• EXERCISE DATA:
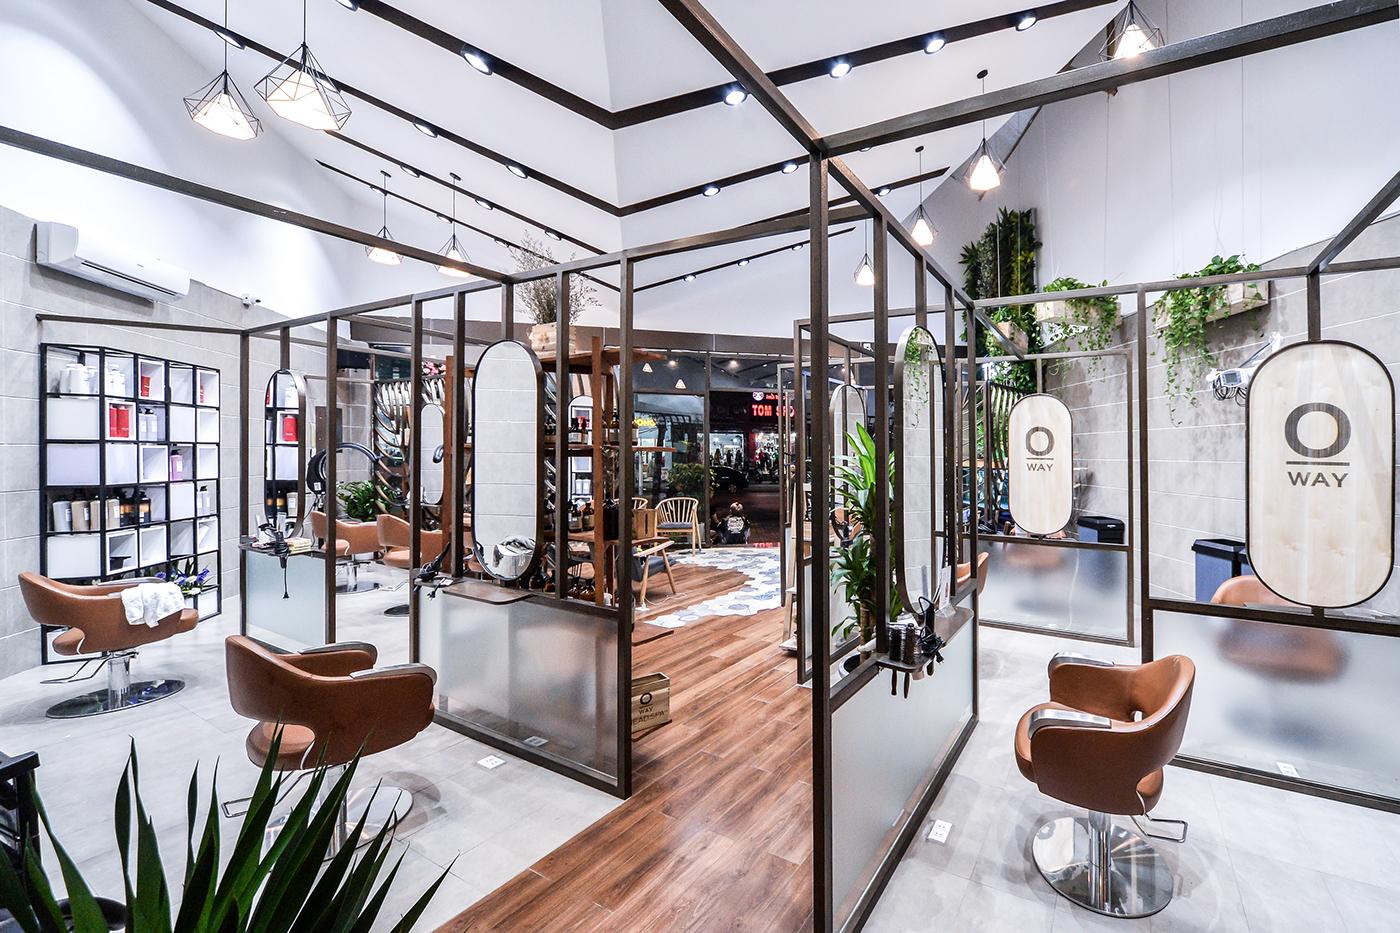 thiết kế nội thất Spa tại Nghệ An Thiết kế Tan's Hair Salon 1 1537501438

...

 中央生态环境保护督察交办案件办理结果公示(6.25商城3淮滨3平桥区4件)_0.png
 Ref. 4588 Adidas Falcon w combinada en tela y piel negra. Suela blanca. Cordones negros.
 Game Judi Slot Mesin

---

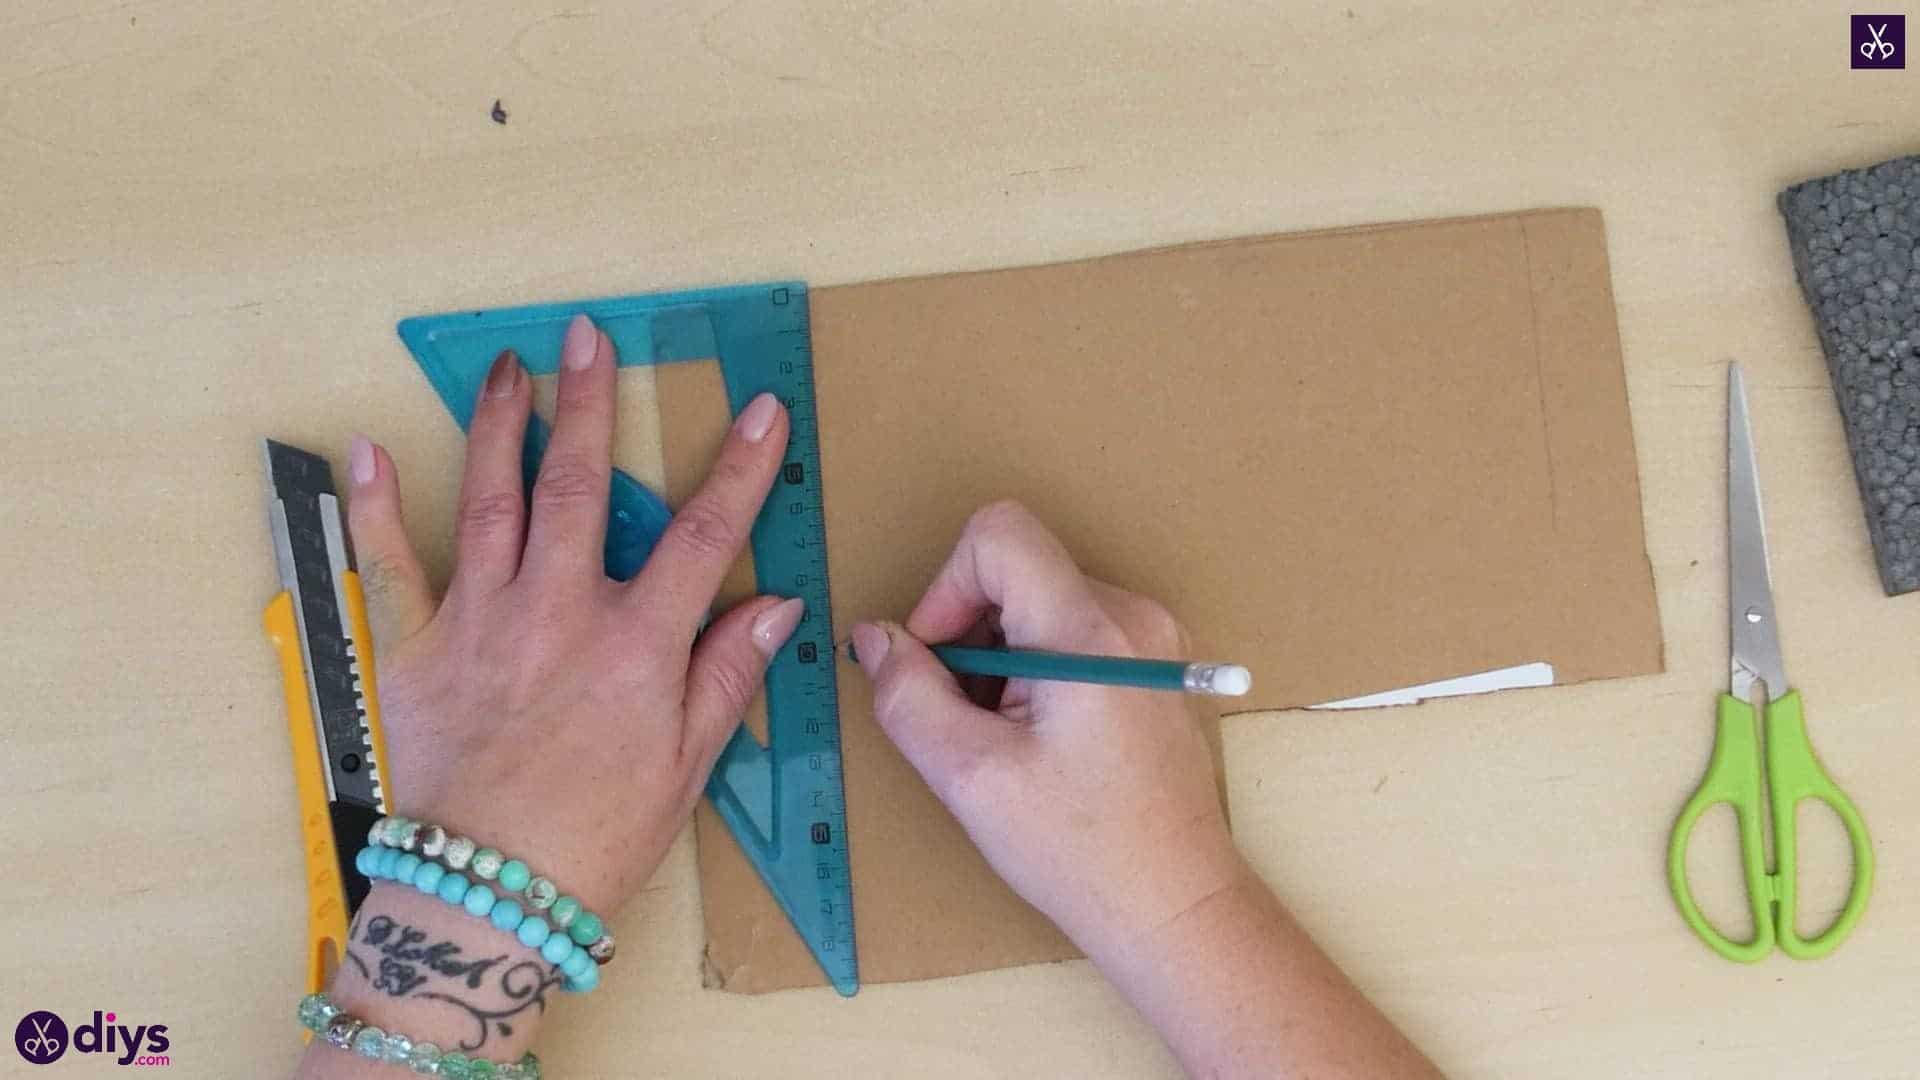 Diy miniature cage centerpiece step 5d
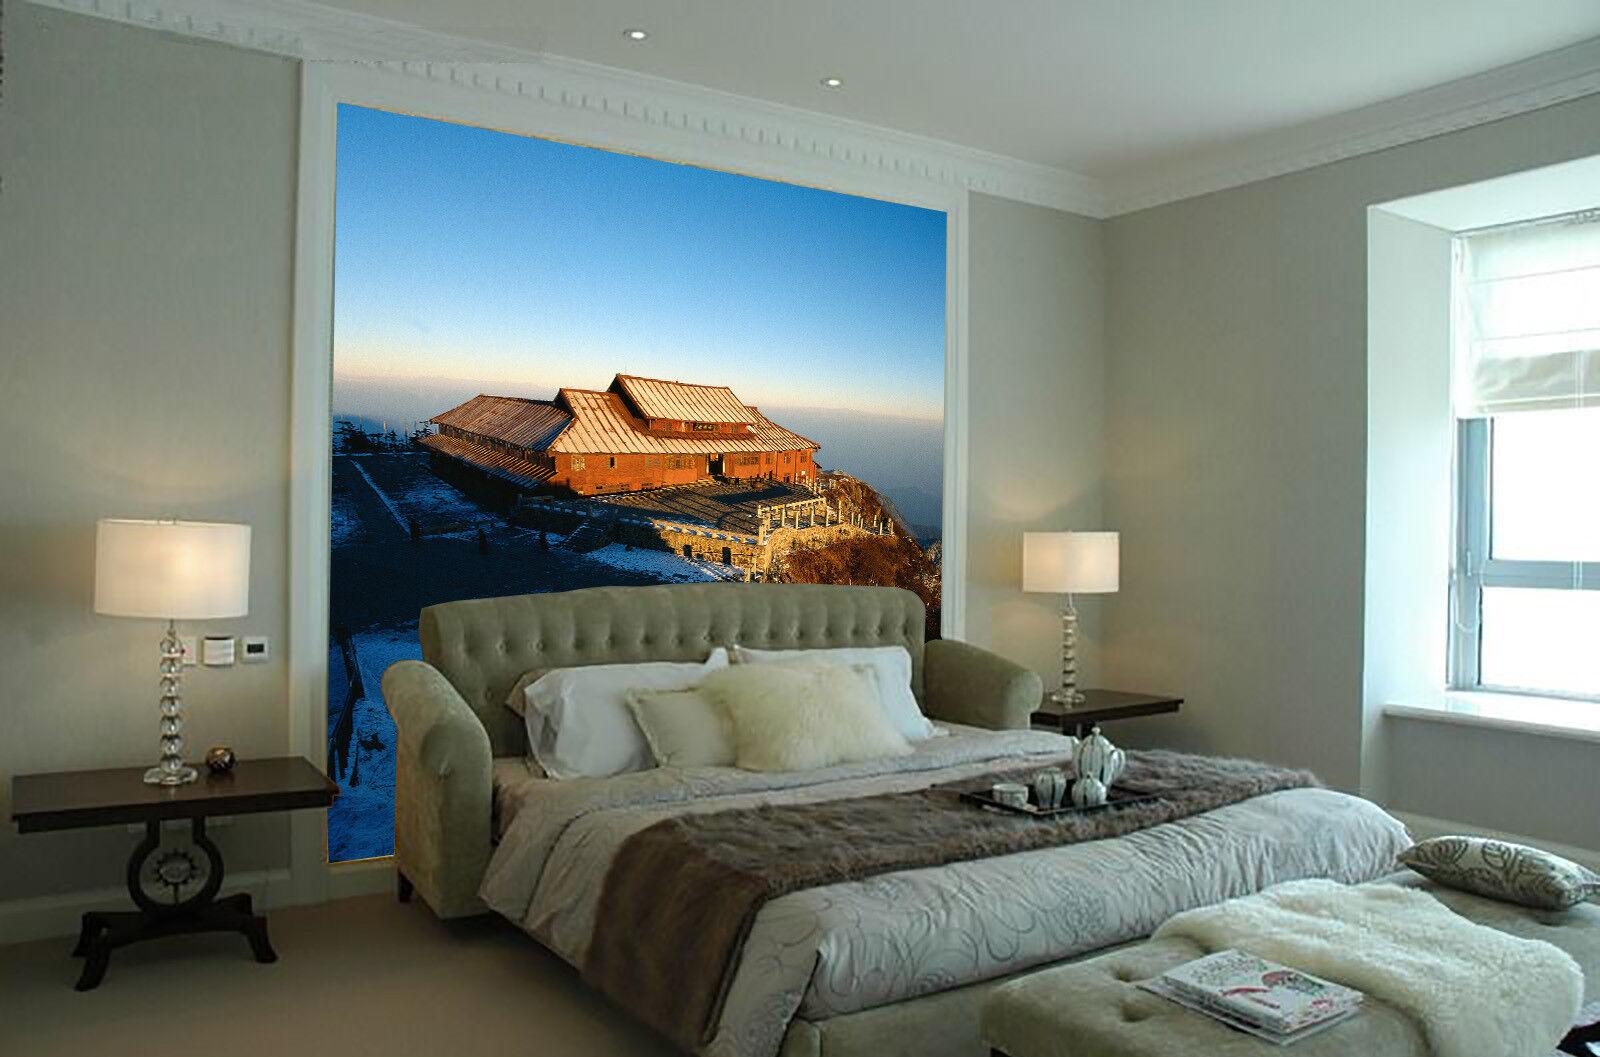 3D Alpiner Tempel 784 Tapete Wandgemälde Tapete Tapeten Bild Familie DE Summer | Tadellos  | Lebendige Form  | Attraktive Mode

• TASK TO COMPLETE:
In the data above, retype exactly and only the lines between the one holding "Ref. 4588 Adidas" and the one holding "Game Judi Slot Mesin", inclusive.

• WRITTEN REPLY:
 Ref. 4588 Adidas Falcon w combinada en tela y piel negra. Suela blanca. Cordones negros.
 Game Judi Slot Mesin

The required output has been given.